Ultrafast Polarization Switching via Laser-activated Ionic Migration in Ferroelectric CuInP$_2$S$_6$

TL;DR

This paper demonstrates that short laser pulses can induce ultrafast polarization switching in ferroelectric CuInP2S6 by triggering ionic migration, opening new avenues for ultrafast control of ferroelectric states.

Contribution

It reveals a novel optical pathway for ultrafast polarization switching via laser-activated ionic migration in CuInP2S6, a layered ferroelectric material.

Findings

Ultrafast polarization switching within hundreds of femtoseconds achieved.

Laser pulses alter transition barriers and promote ionic transport.

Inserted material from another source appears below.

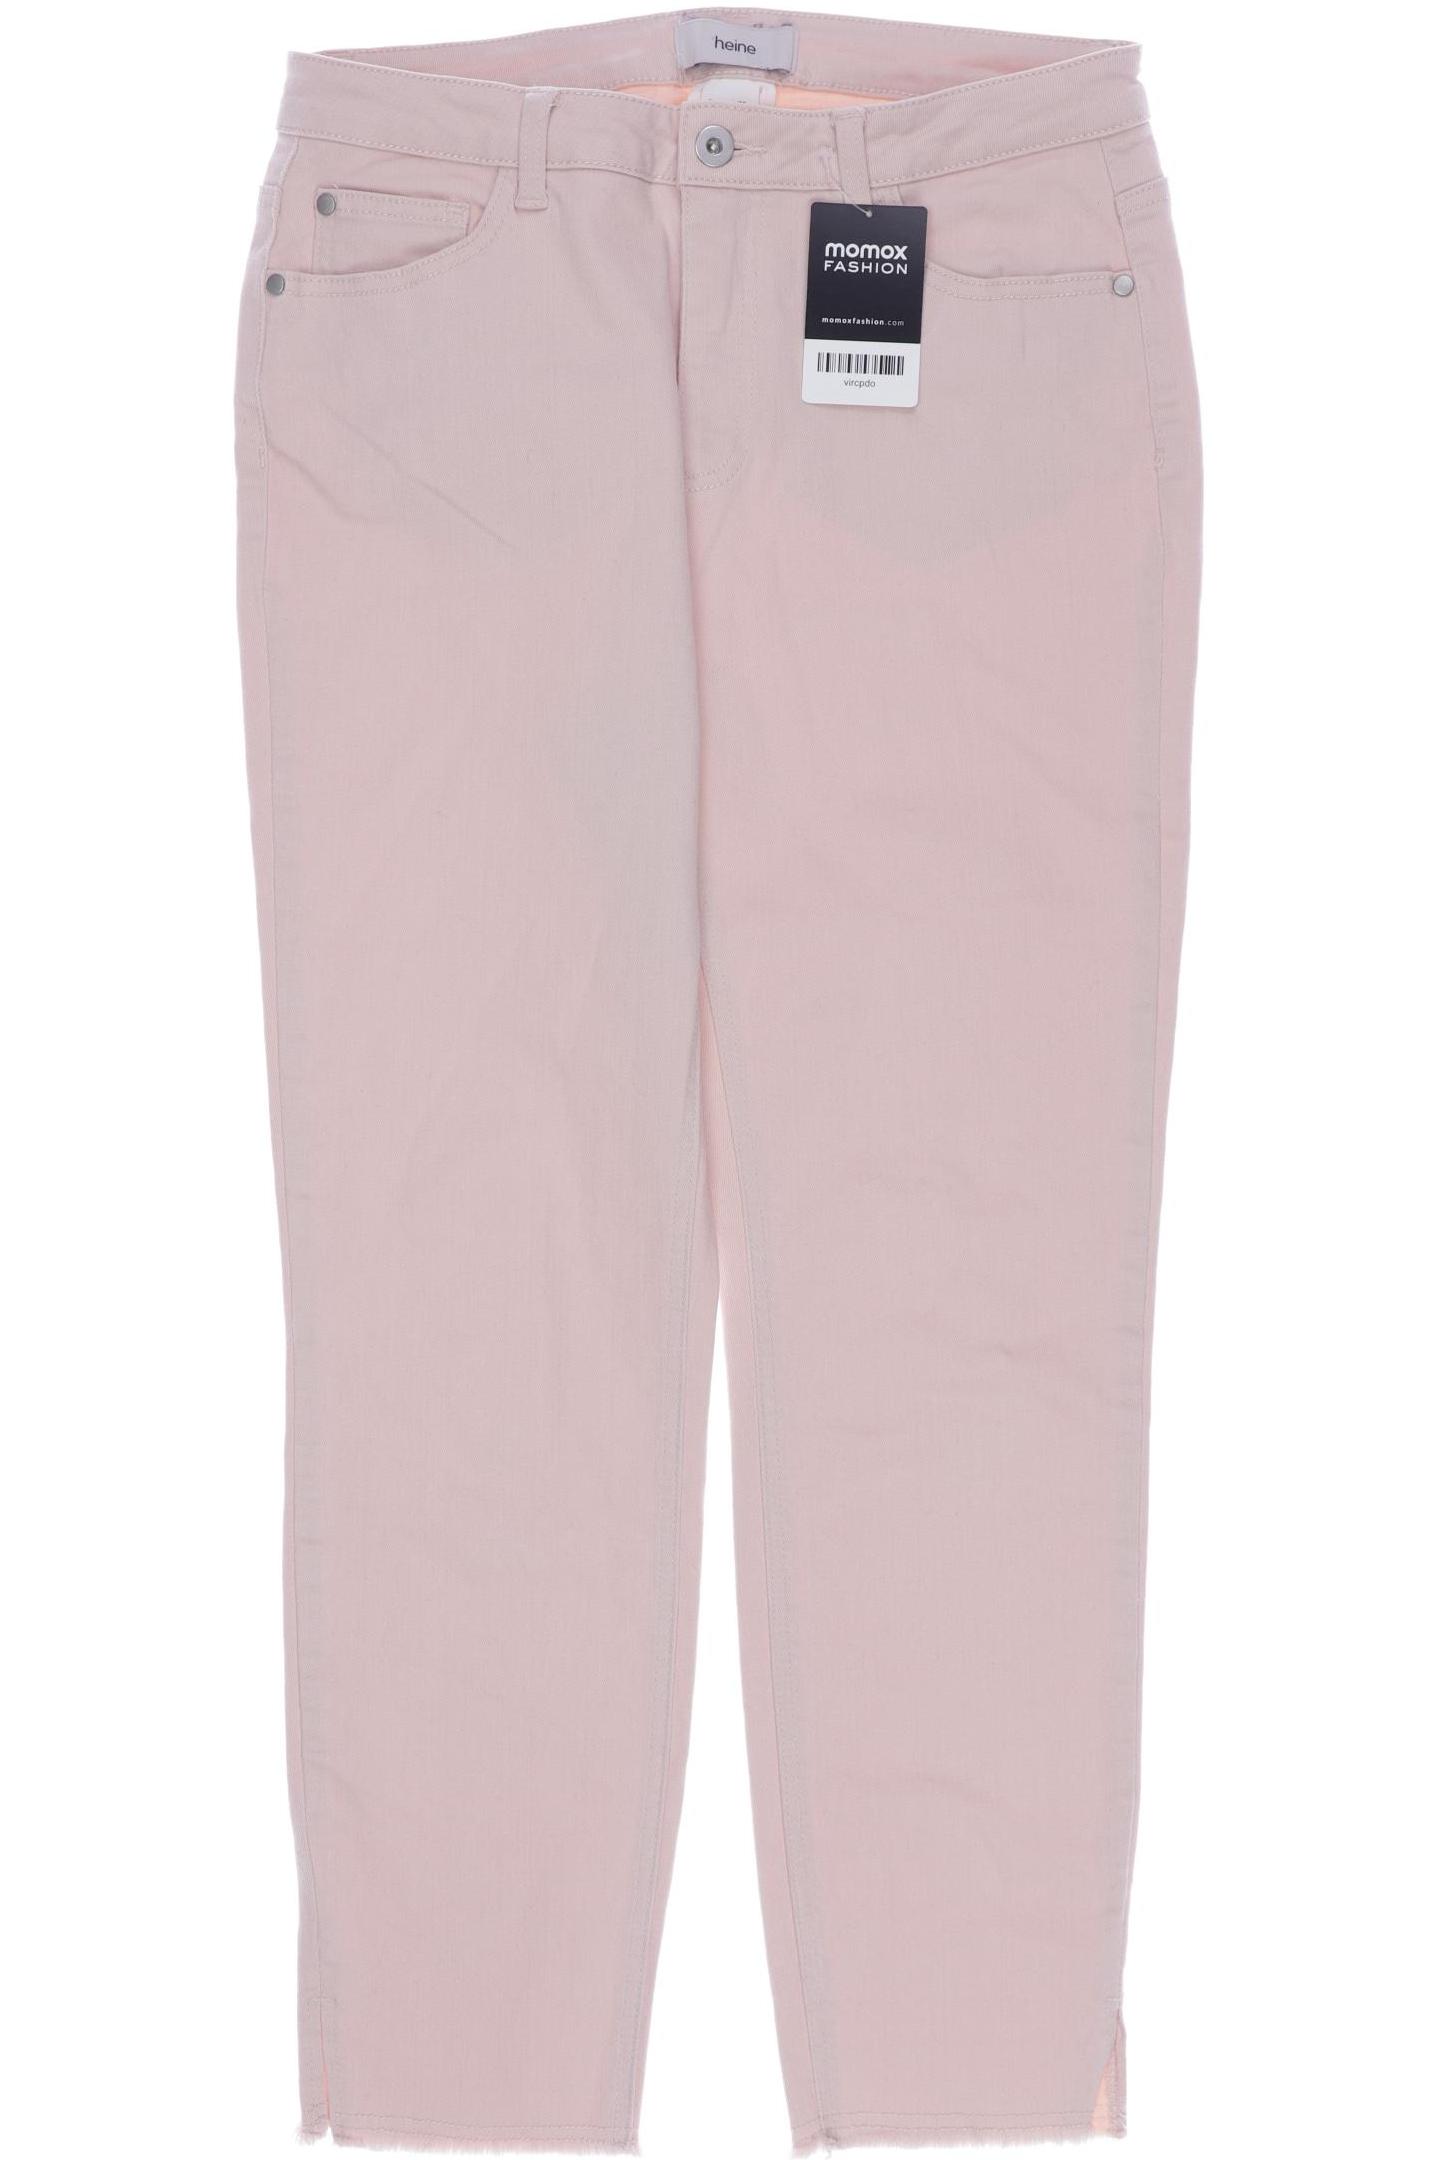 Heine Damen Jeans, pink von heine

Photoexcitation triggers collective ionic migration and ferroelectricity reversal.

Abstract

As a layered ferroelectric material, CuInP2S6 has garnered significant attention for its robust ferroelectric state and potential applications in memory devices. In this work, we demonstrate that with short laser pulses ultrafast reversible polarization switching within hundreds of femtoseconds can be achieved in ferroelectric CuInP$_2$S$_6$. Specifically, photoexcitation triggers collective ionic migration and ferroelectricity reversal in CuInP$_2$S$_6$, revealing a novel pathway to access different ferroelectric phases through optical excitation. Our findings indicate that laser pulses substantially alter the transition barriers, promoting ionic transport facilitated by the photodoping effect. This laser-induced ionic migration proves critical for enabling polarization transitions, offering a novel pathway to explore and control exotic quantum phases. These insights open exciting possibilities for manipulating ferroelectric states and electronic properties on an unprecedented ultrafast timescale.